Work order:
Beginning at the line that contains "HP TFT5600 RKM" and finishing at the line that contains "Paparazzi Accessories - Candy", output the data below exactly. Include both end lines and no pictures.

Recorded data:
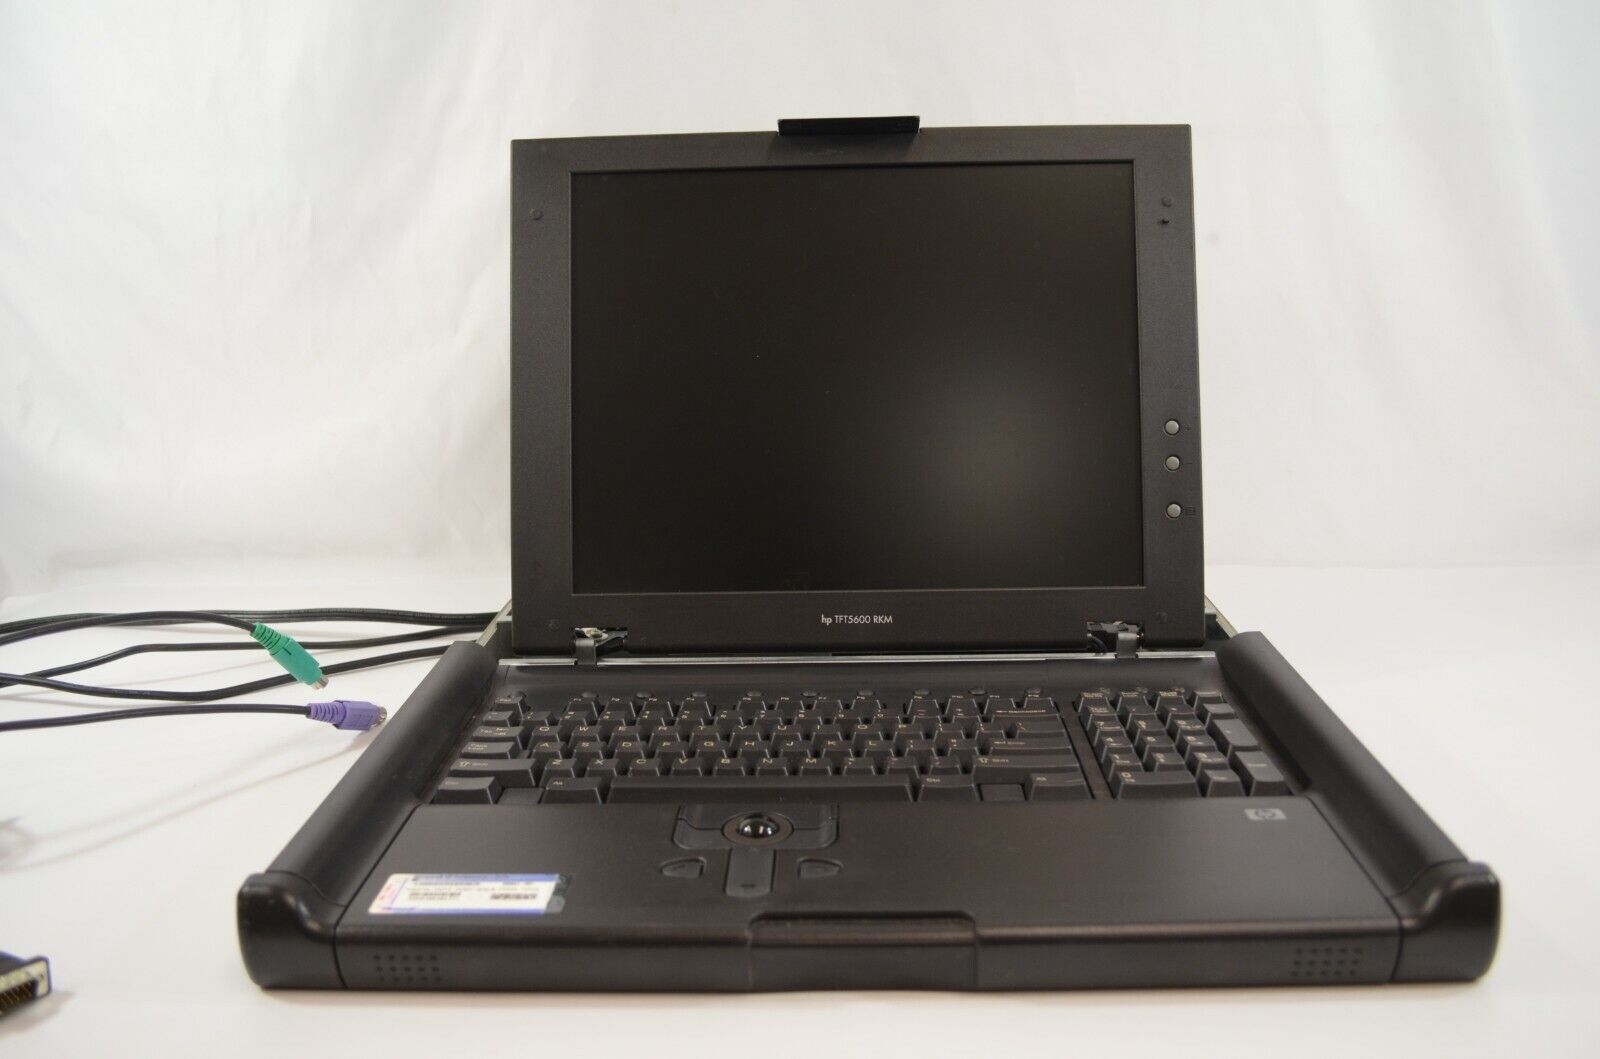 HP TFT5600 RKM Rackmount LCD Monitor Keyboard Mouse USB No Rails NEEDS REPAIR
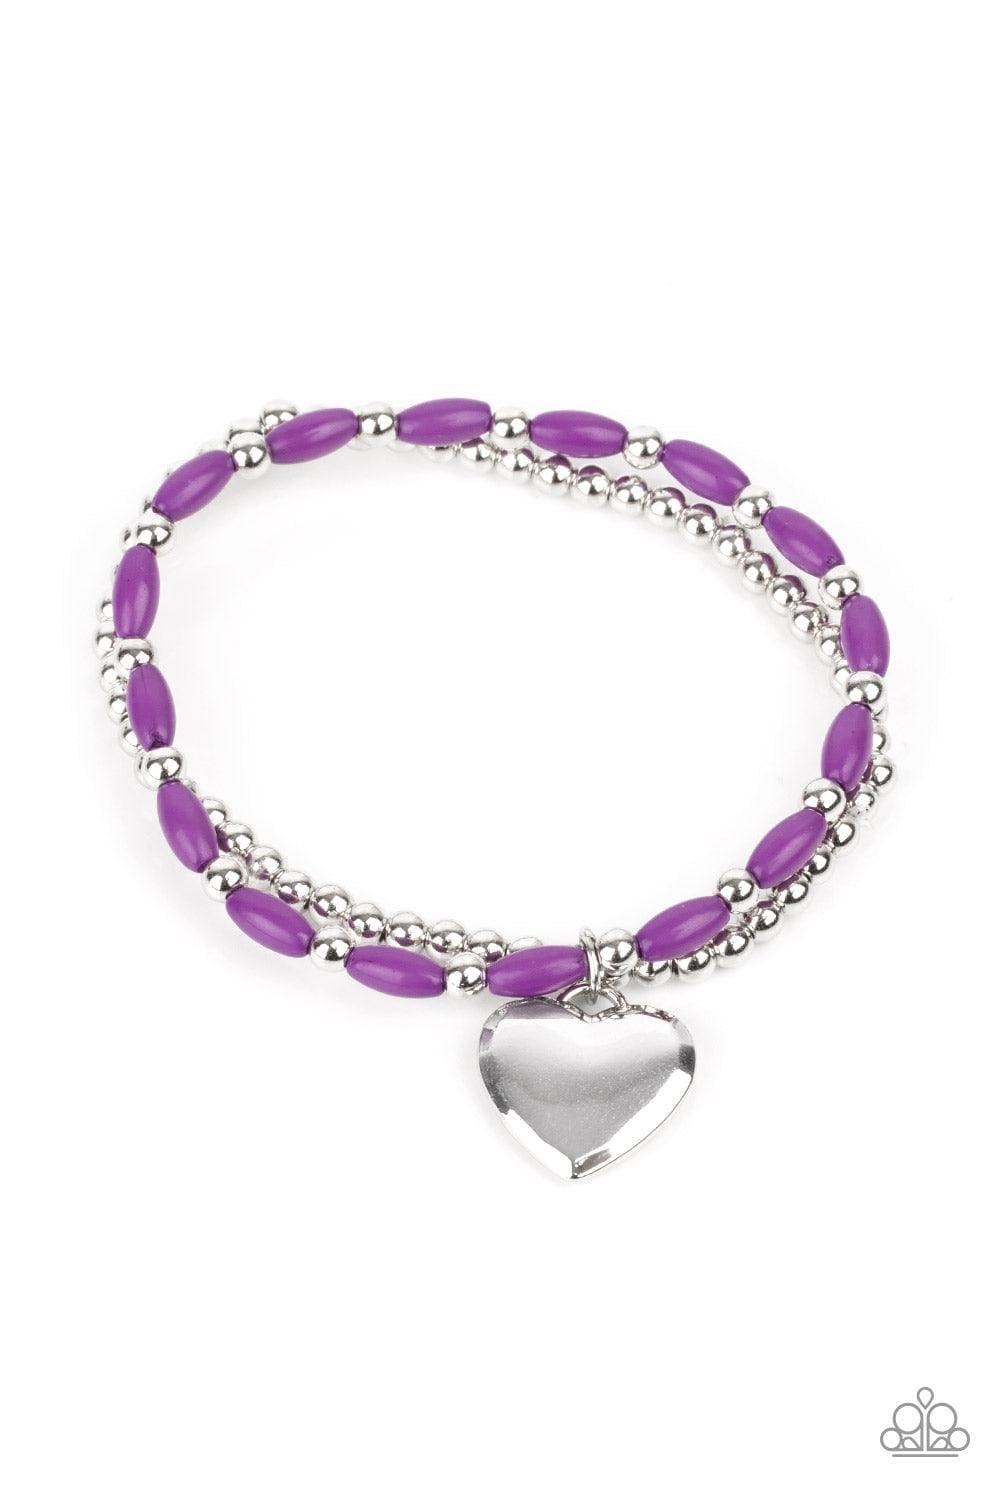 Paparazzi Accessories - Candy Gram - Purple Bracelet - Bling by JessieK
...
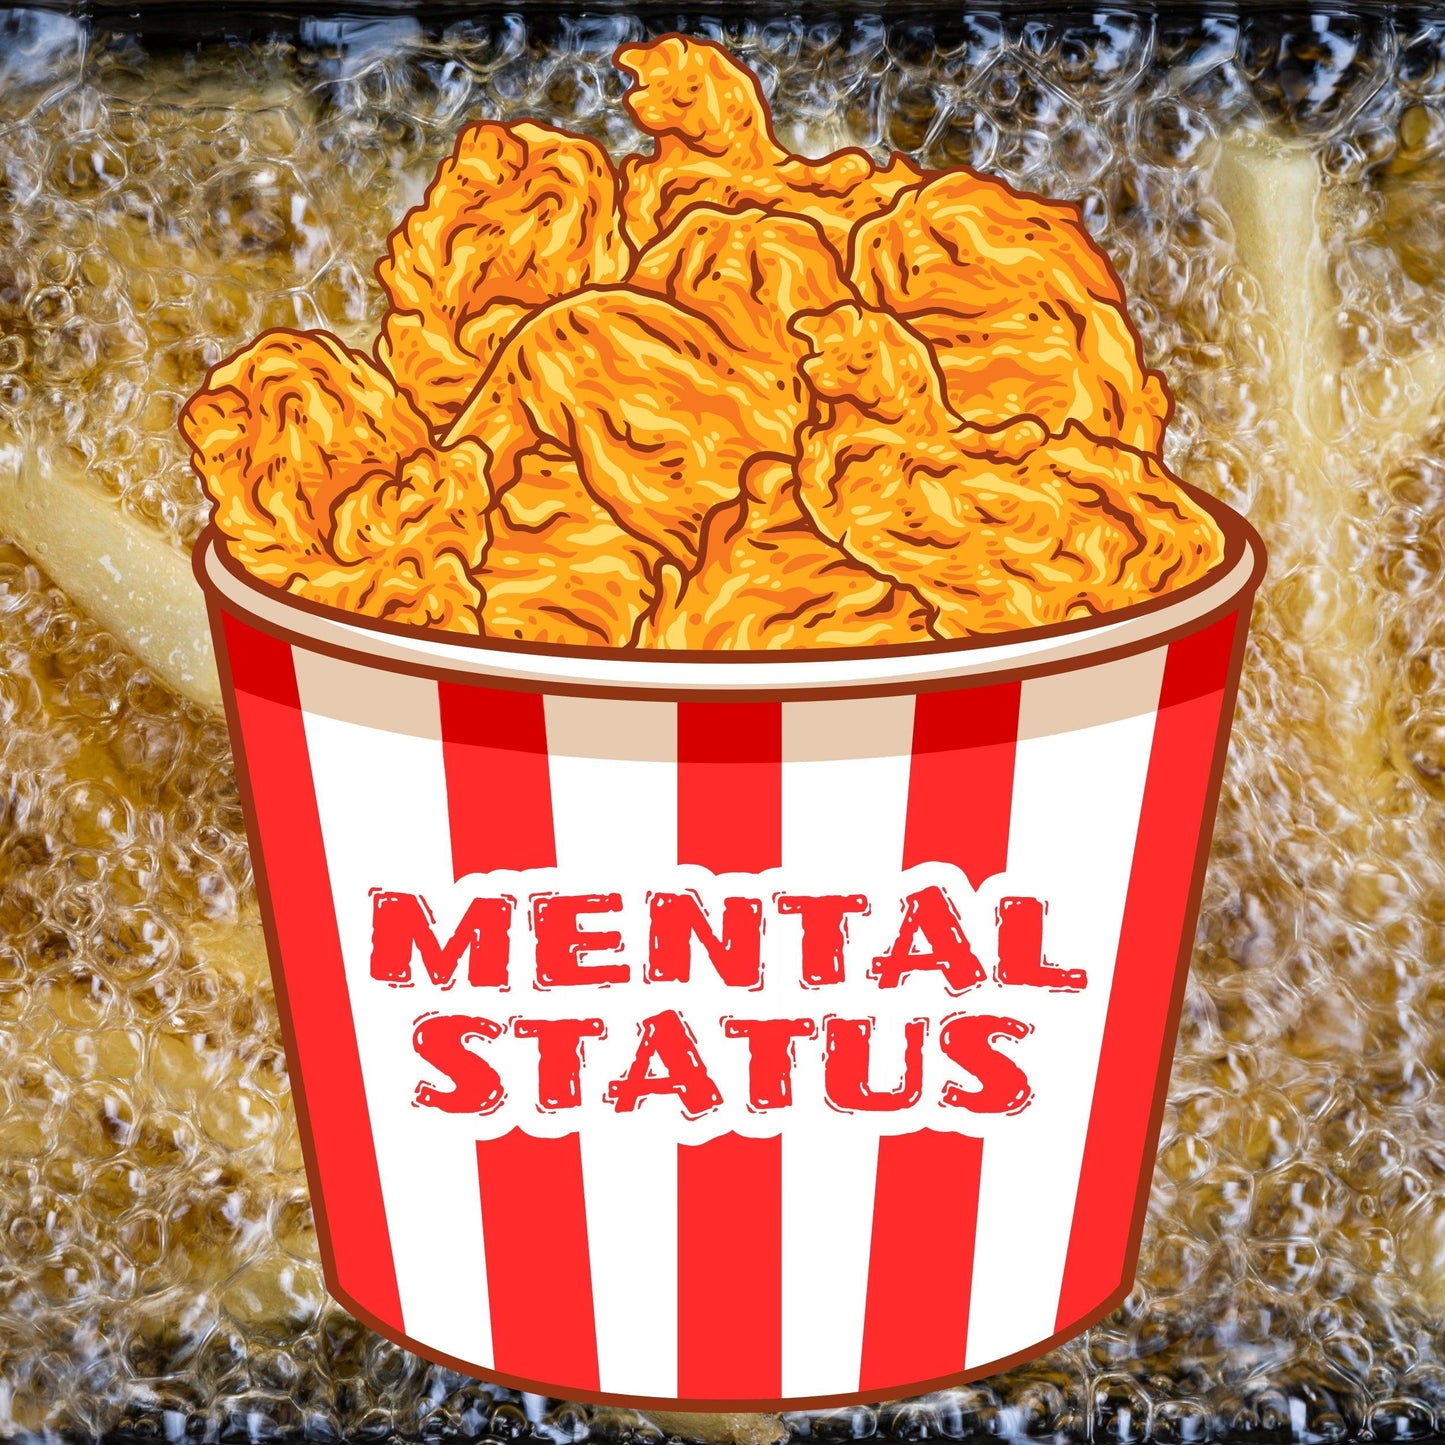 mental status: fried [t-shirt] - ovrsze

Response area:
 HP TFT5600 RKM Rackmount LCD Monitor Keyboard Mouse USB No Rails NEEDS REPAIR
 Paparazzi Accessories - Candy Gram - Purple Bracelet - Bling by JessieK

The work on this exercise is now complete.